Голос пленного застал доктора врасплох. Такого он не ожидал. Пленный заговорил. Из темноты возник теплый, проникновенный голос.
– Что вы сказали? Боюсь, я вас не совсем понял.
– Три, – повторил пленный. – Вопросов три.
– Почему именно три? – быстро переспросил Руман, как рыбак, который чуть потравливает леску, боясь упустить клюнувшую рыбину.
– Потому что без двух остальных тот, что вас интересует, не имеет смысла.
Якоб Руман не понял, куда он клонит.
– Если дело только в этом, то мы быстро все уладим! Скажите, сколько вопросов я должен еще задать, и я задам.
– Я вижу, вы принесли табачку.
Якоб Руман опустил взгляд на стол, где стояла шкатулка с табаком и коробка с гильзами.
– Вот что мы сделаем. Давайте заключим договор, – сказал пленный. – Вы дадите мне закурить, а я вам все расскажу. У вас есть настроение выслушать историю?
Непонятно было, нет ли тут обмана, однако итальянец явно что-то замыслил. Но Руман открыл табакерку, где табак из экономии был смешан с опилками, и принялся набивать гильзу.
– То, что вы меня выслушаете, – условие непременное, – продолжал пленный. – Вы готовы?
– Я выслушаю вашу историю. Но ответ потом получу?
– Получите.
– Даете слово?
– Даю слово.
Якоб Руман встал, подошел к итальянцу и передал ему папиросу и коробок спичек.
Тот протянул руку за подношением, словно скрепляя договор торжественным рукопожатием. Потом чиркнул спичкой по камню возле себя и, заслонив драгоценный огонек ладонью, поднес его к губам. При этом в желтый кружок света попала часть его лица: длинная борода, морщины вокруг глаз и орлиный нос. Больше ничего было не разглядеть.
– Эта история начинается со спички, – сказал итальянец. – Она такая же кроткая и хрупкая, как спичка, да как, впрочем, и история каждого из нас.

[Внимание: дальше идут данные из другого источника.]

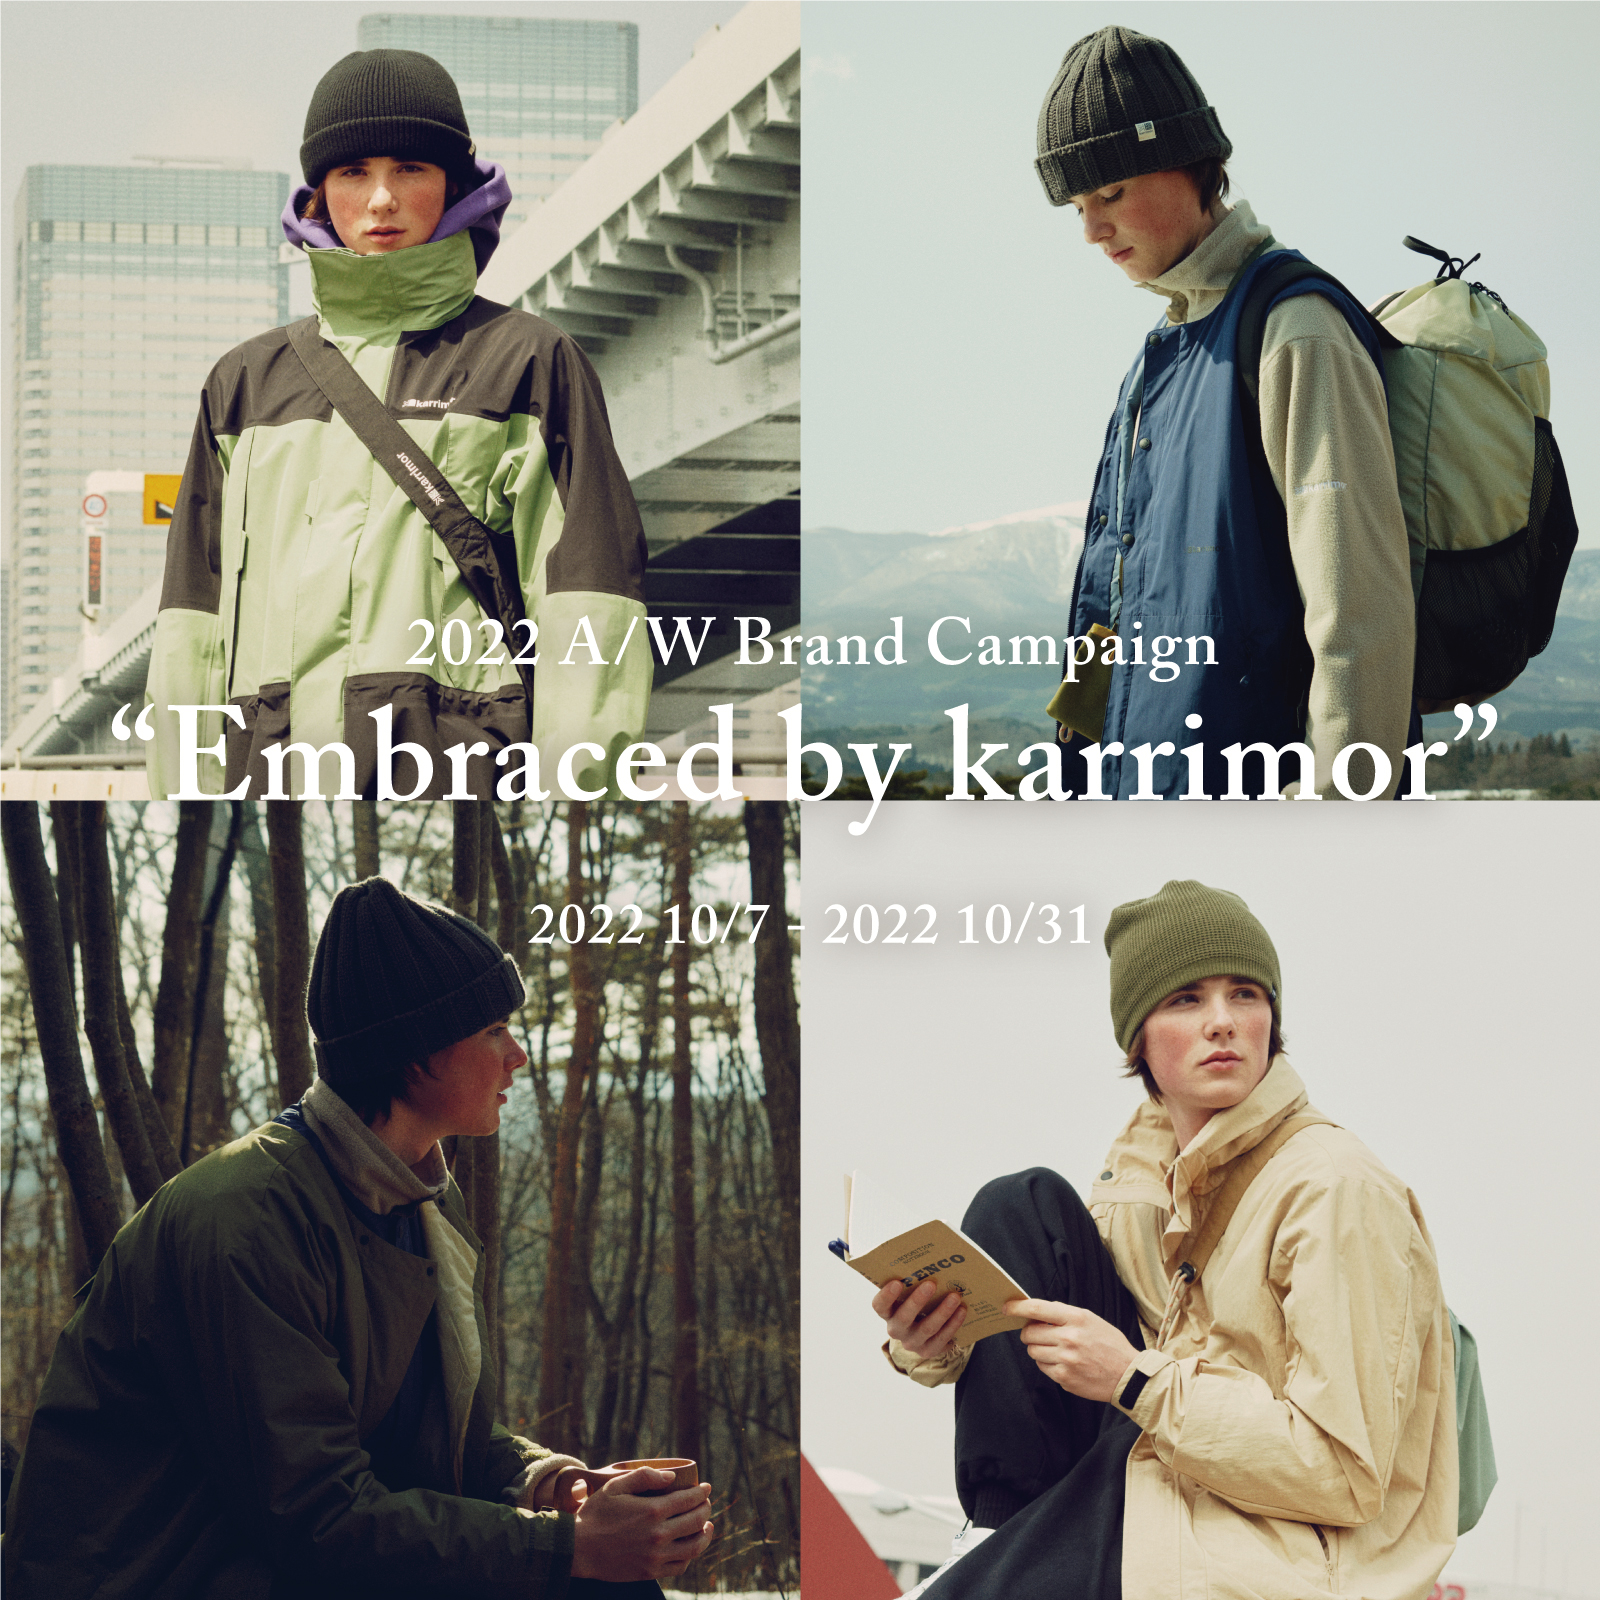 2022A/W Brand Campaign“Embraced by karrimor”

Он задул огонек, и его лицо исчезло за струйкой дыма.
– Вот так темный дух поднимается к небу и исчезает в сладковатом запахе. А в табаке еще с минуту остается воспоминание о нем.
Якоб Руман вернулся за стол:
– Так что там за три вопроса?
– Кто такой Гузман? Кто такой я? И кто был человек, закуривший на «Титанике»?
7
Итак, по порядку. Кто такой Гузман?
Есть такие люди, которые здорово умеют что-то делать. Например, в Ноэле был один такой, он удерживал в равновесии трость на кончике носа. Дети волжских рыбаков плавать учатся раньше, чем говорить. Гарко Варгас умел уворачиваться от ножей. Все жены Гарко Варгаса знали толк в метании ножей.

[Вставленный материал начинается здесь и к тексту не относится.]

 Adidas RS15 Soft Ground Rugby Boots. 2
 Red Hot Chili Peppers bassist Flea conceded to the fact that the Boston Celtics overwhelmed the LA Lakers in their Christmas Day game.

Глядя на этих людей, спрашиваешь себя, откуда берется их талант. И почему у них он есть, а у тебя – нет.
Так вот, Гузман тоже кое-что умел.
Курить.
Вечно желтые руки, живые, быстрые глаза… Вот он, что-то бурча себе под нос, прикусывает зубами ароматизированную цигарку, которую сам только что свернул точными движениями тонких пальцев, смоченных маслом. Цигарки, нетерпеливо дожидаясь огонька, лениво бормочут у него в зубах, и он сразу становится похож на паровоз.

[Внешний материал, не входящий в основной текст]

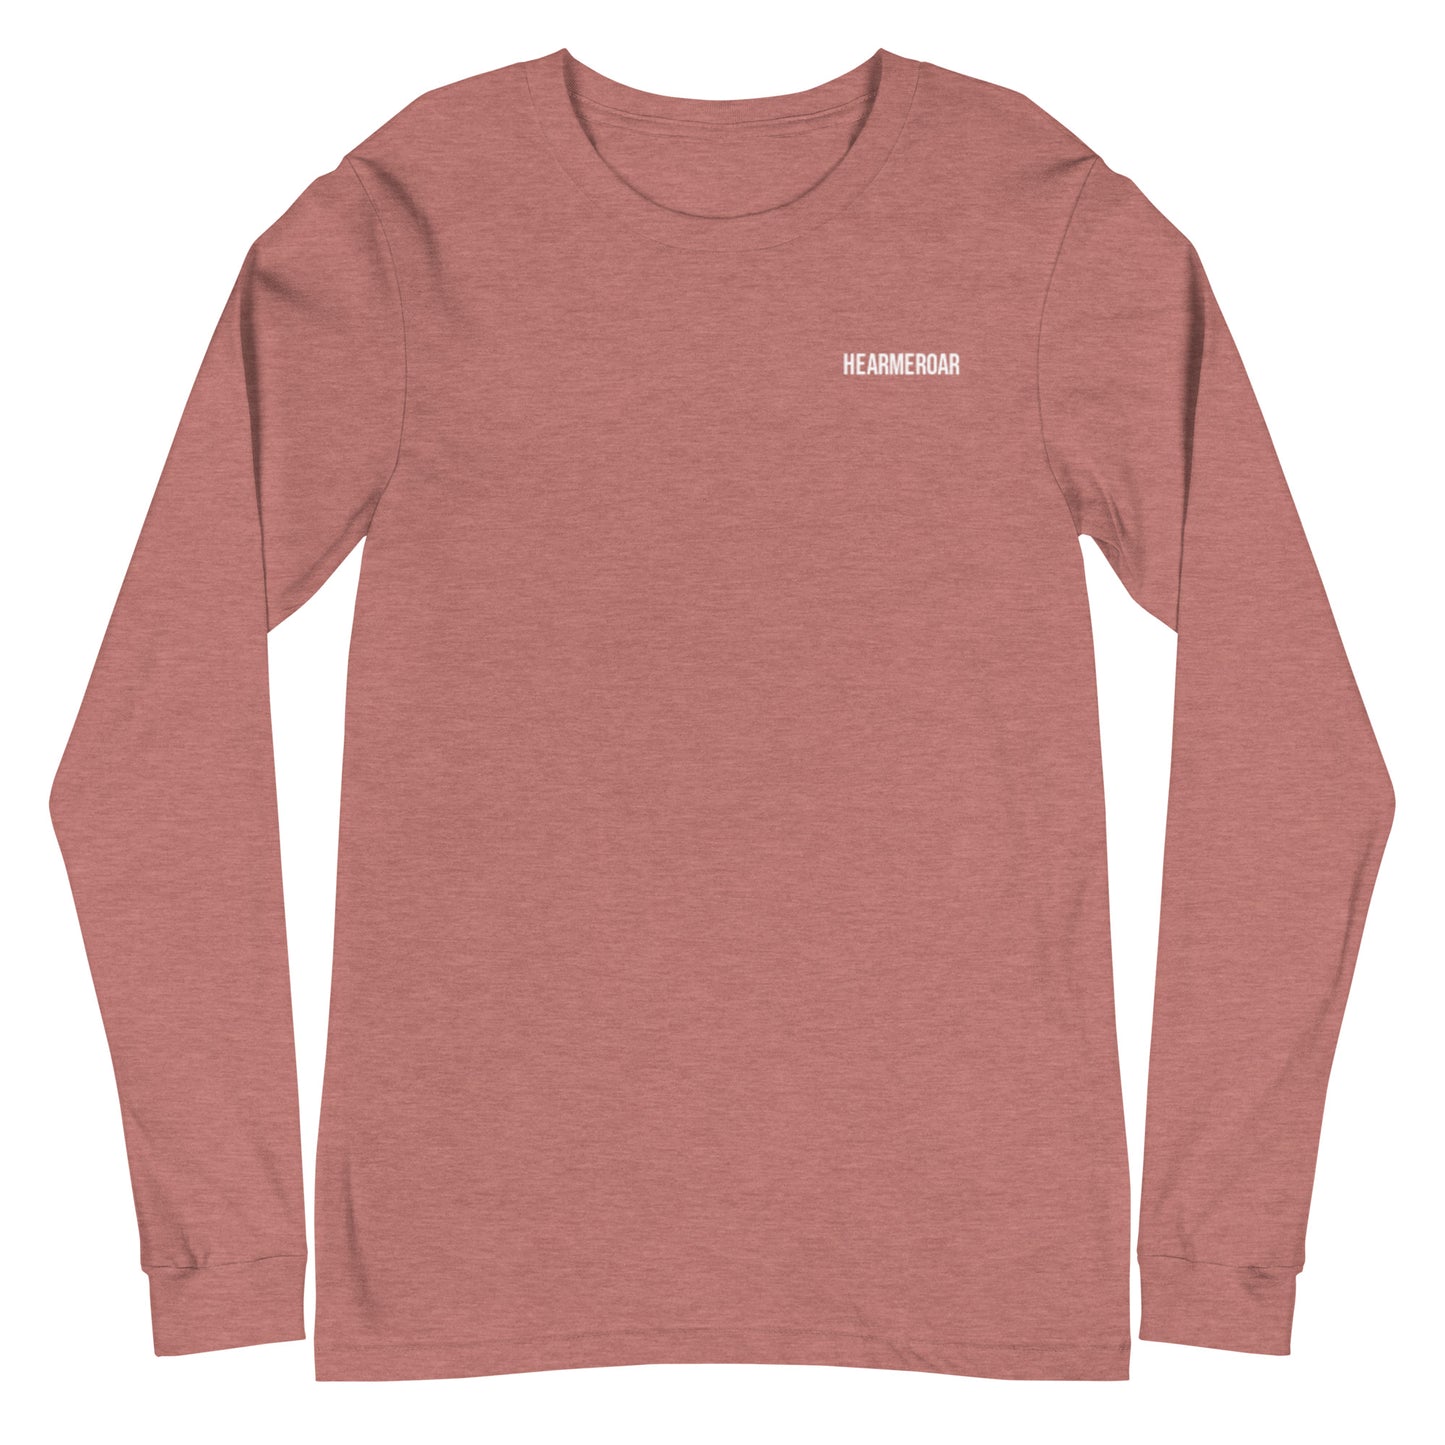 Successful Product Of A Single Mother Unisex Long Sleeve Shirt

Иногда он курил темный табак, бережно заворачивая его в синеватую бумагу от сахарной упаковки, мягкую, как шелк, и горящую, как порох. А иногда затягивался длинными, очень тонкими сигаретами цвета слоновой кости, похожими на бесформенные и тощие женские тела, про которые обычно говорят: не то мужик, не то баба.
Но дело было не только в самом действе. Дело было в том, чем это действо сопровождалось. В нем всегда таилось чувство, тот самый короткий электрический разряд, что пронизывает все и сразу. Ибо все, что курил Гузман, имело свою историю. И, предаваясь действу, он эту историю оживлял, повторял, а иногда и рассказывал.
Он пробовал чувства на вкус и сам очень возбуждался и волновался.
– А какое отношение все это имеет к делу?
– Минутку, я уже подхожу к сути, – ответил пленный.
8
Гузману было двенадцать лет, когда мать решила перевезти его в Марсель. Они поехали следом за отцом.
Когда родители были молоды, отец почти десять лет ухаживал за матерью, но она его не желала знать и упорно отвергала. Ей не нравилось, как он выглядел, как держал себя, не нравился цвет его глаз. Казалось бы, мелочь, но для некоторых цвет глаз – деталь жизненно важная.
Тебе в эти глаза смотреть до конца дней, а глаза тех, кого мы любим, – это наше зеркало.
Чего только не перепробовал отец Гузмана, чтобы убедить ее, что он и есть мужчина, предназначенный ей судьбой. Он каждый день присылал ей розу. Он писал ей длиннющие письма, полные восхвалений, заказывал поэтам стихи для нее. Но никакие романтические жесты на нее не действовали. Пока он не сделал одну вещь, которую до сих пор еще не опробовал.